Path to dataset files: /Users/mo/.cache/kagglehub/datasets/uom190346a/e-commerce-customer-behavior-dataset/versions/1


In [3]:
# Import Pandas library
import pandas as pd

# Import kaggle E-commerce dataset in as a pandas dataframe
data = pd.read_csv(f'{path}/E-commerce Customer Behavior - Sheet1.csv')

# Display first 5 sample rows of dataset
data

Unnamed: 0,Customer ID,Gender,Age,City,Membership Type,Total Spend,Items Purchased,Average Rating,Discount Applied,Days Since Last Purchase,Satisfaction Level
0,101,Female,29,New York,Gold,1120.20,14,4.6,True,25,Satisfied
1,102,Male,34,Los Angeles,Silver,780.50,11,4.1,False,18,Neutral
2,103,Female,43,Chicago,Bronze,510.75,9,3.4,True,42,Unsatisfied
3,104,Male,30,San Francisco,Gold,1480.30,19,4.7,False,12,Satisfied
4,105,Male,27,Miami,Silver,720.40,13,4.0,True,55,Unsatisfied
...,...,...,...,...,...,...,...,...,...,...,...
345,446,Male,32,Miami,Silver,660.30,10,3.8,True,42,Unsatisfied
346,447,Female,36,Houston,Bronze,470.50,8,3.0,False,27,Neutral
347,448,Female,30,New York,Gold,1190.80,16,4.5,True,28,Satisfied
348,449,Male,34,Los Angeles,Silver,780.20,11,4.2,False,21,Neutral


# Data Exploration

Simple data exploration be to understnand the columns and how they would need to be tranformed in order to run them through an AI Unsupervised ML Algorithm

### Numerical vs.
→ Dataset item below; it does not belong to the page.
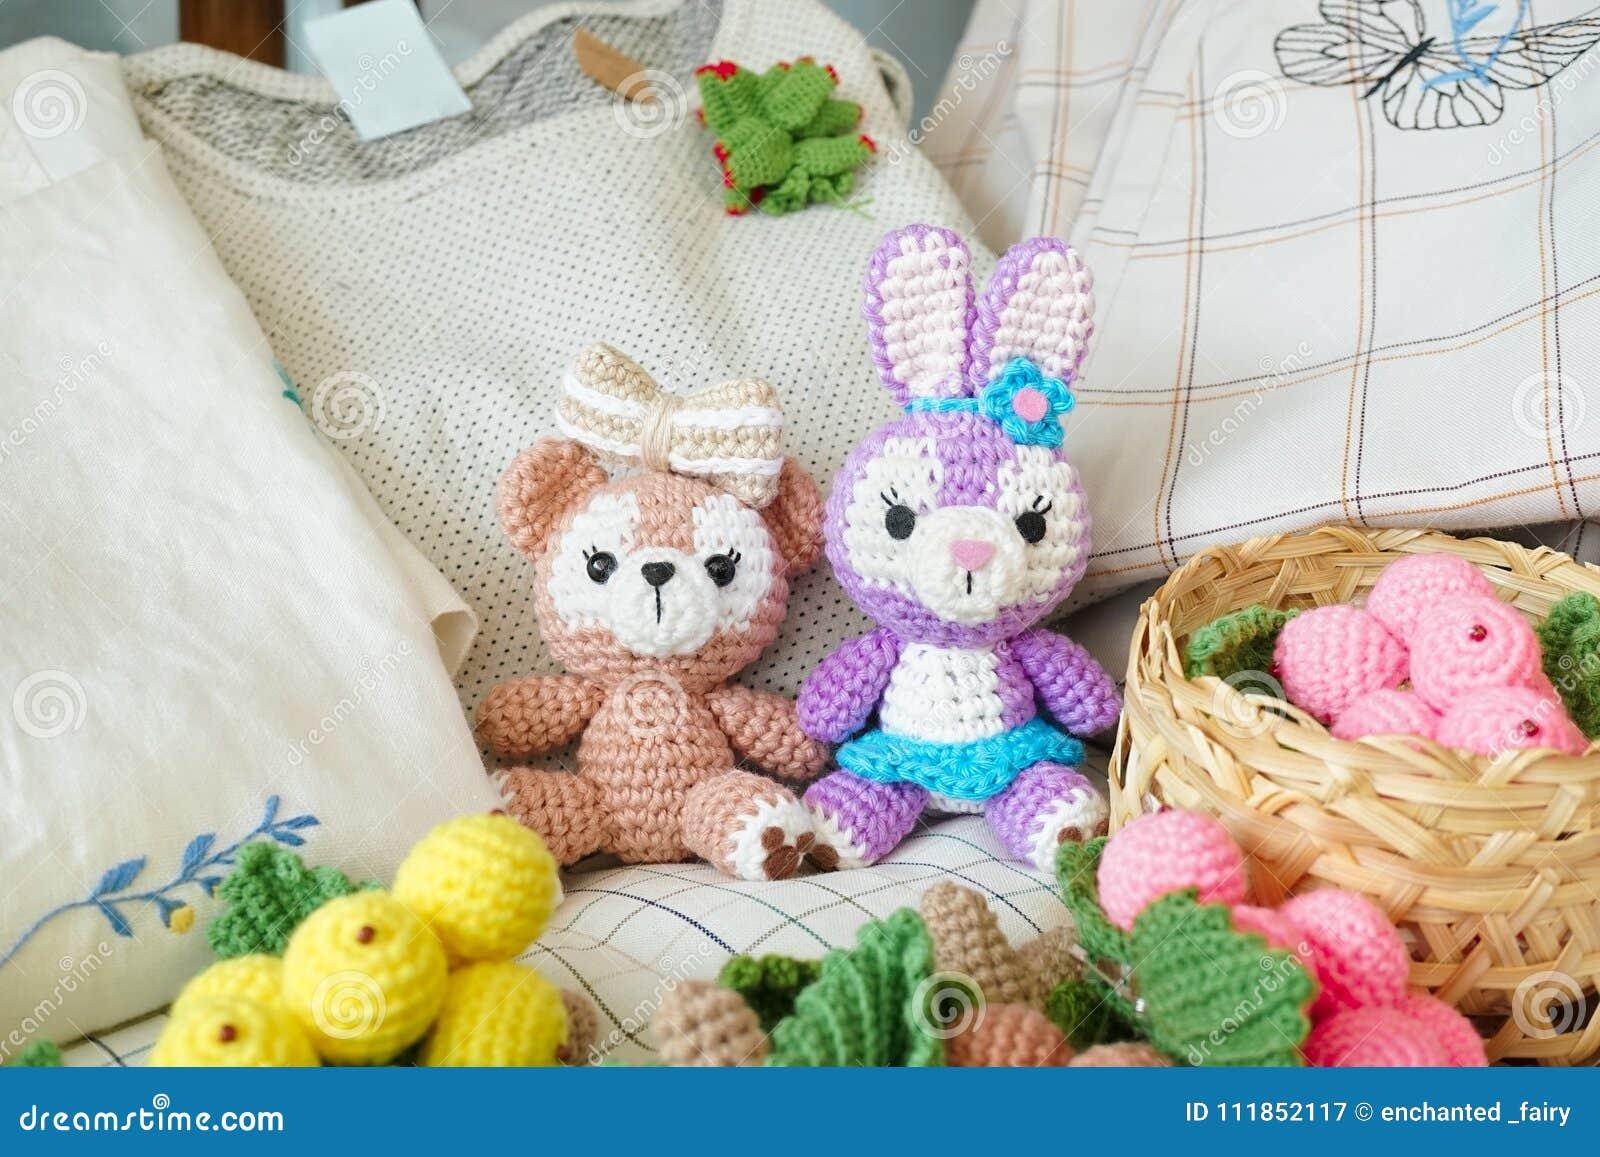 Häkelarbeitpuppen ein netter Teddybär und ein Osterhase amigurumi Puppe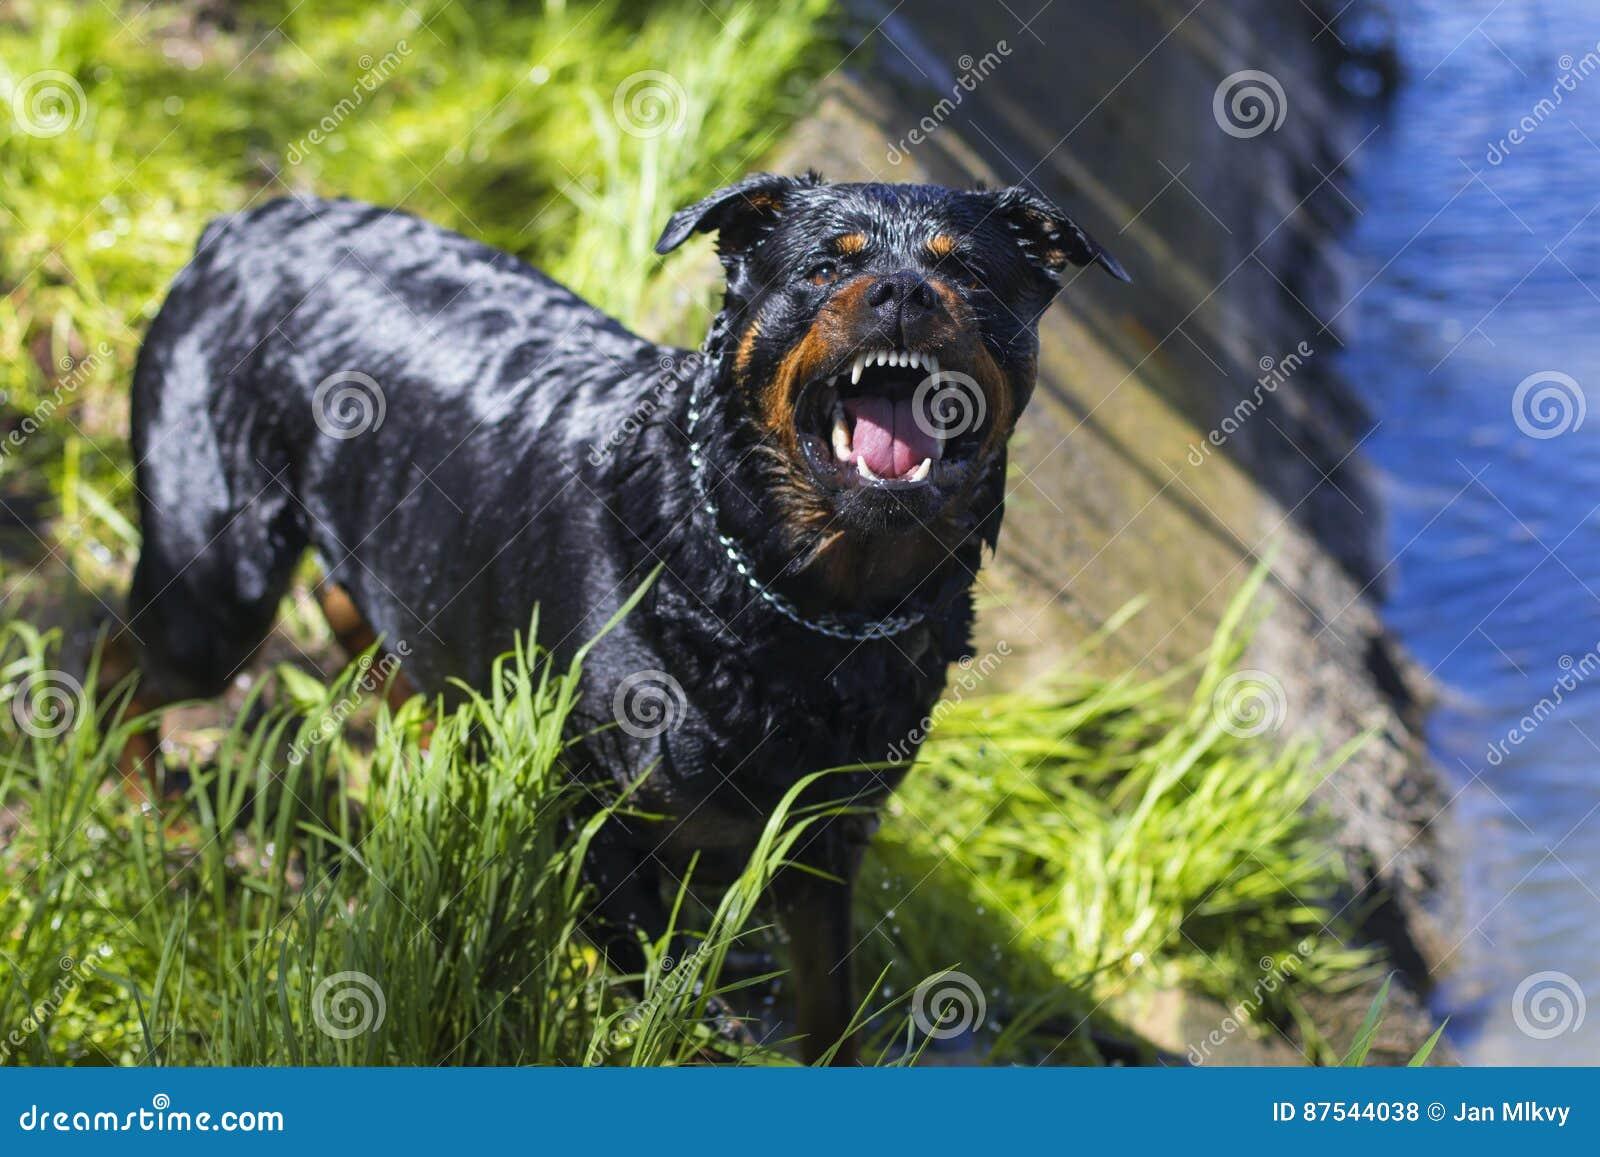 Rottweiler Barking And Baring Teeth Royalty Free Stock Photos Angry Dog

Categorical Data

##### **Numerical Data** is what the computer can process
##### **Categorical Data** is letters, words, or symbols that we have to turn into a numerical representation in order to process but keep the meaning behind each.

In [4]:
# Separate the numerical columns from the text columns
numerical_data = data.select_dtypes(include=['int64', 'float64'])
categorical_data = data.select_dtypes(include=['object'])

---
### Numerical vs. Categorical (Text)
##### Notice how categorical data is represented in regular words that we understand.     
##### As data scientist it is our job to turn the text into meaningful numerical representations.
---

In [5]:
# Display a sample of both sets of data Numerical vs Categorical (Text)
display(numerical_data.head())
print("Categorical Data")
display(categorical_data.head())

Unnamed: 0,Customer ID,Age,Total Spend,Items Purchased,Average Rating,Days Since Last Purchase
0,101,29,1120.2,14,4.6,25
1,102,34,780.5,11,4.1,18
2,103,43,510.75,9,3.4,42
3,104,30,1480.3,19,4.7,12
4,105,27,720.4,13,4.0,55


Categorical Data


Unnamed: 0,Gender,City,Membership Type,Satisfaction Level
0,Female,New York,Gold,Satisfied
1,Male,Los Angeles,Silver,Neutral
2,Female,Chicago,Bronze,Unsatisfied
3,Male,San Francisco,Gold,Satisfied
4,Male,Miami,Silver,Unsatisfied


## Three main methods used to *turn a categorical/text columns into a numerical columns*

### **Crustom functions** - to pair each unique label with a number, example 1-True, 0-False
### **OneHotEncoder** - Tool used to transform categorical labels by creating a column for each unique value, dramatically extending the dataset
### **LabelEncoder** - Tool used to transform categorical labels, keeping them in one column.
---

# 1. Custom Function Example

### Look at the **'Gender' Column** and write a custom function that defines a *1 for female and a 2 for males*.
 * #### lambda function (below) : allows for one line functions
 * #### can easily write a regular function, clean fundamental practices support lambda functions
---

In [6]:
# Custom lambda function that changes categorical 'Gender' column to 
categorical_data['Gender'] = categorical_data['Gender'].apply(lambda x: 1 if x == 'Female' else 2)
categorical_data.head()

Unnamed: 0,Gender,City,Membership Type,Satisfaction Level
0,1,New York,Gold,Satisfied
1,2,Los Angeles,Silver,Neutral
2,1,Chicago,Bronze,Unsatisfied
3,2,San Francisco,Gold,Satisfied
4,2,Miami,Silver,Unsatisfied


# 2. OneHotEncoder Example
* ### We can see that there are 6 unique values in the 'City' column. 
* ### OneHotEncoder will create 6 columns for each value and put a 1 in the column that represents the correct value in each row and a 0 for all others.

#### 🔎 Lets take a look!

In [7]:
# Take a look at the unique cities that are in the dataset
categorical_data['City'].value_counts()

City
New York         59
Los Angeles      59
Chicago          58
San Francisco    58
Miami            58
Houston          58
Name: count, dtype: int64

In [8]:
# Import OneHotEncoder from 'scikit-learn' library
from sklearn.preprocessing import OneHotEncoder

# Initiate OneHotEncoder
encoder = OneHotEncoder(sparse_output=False)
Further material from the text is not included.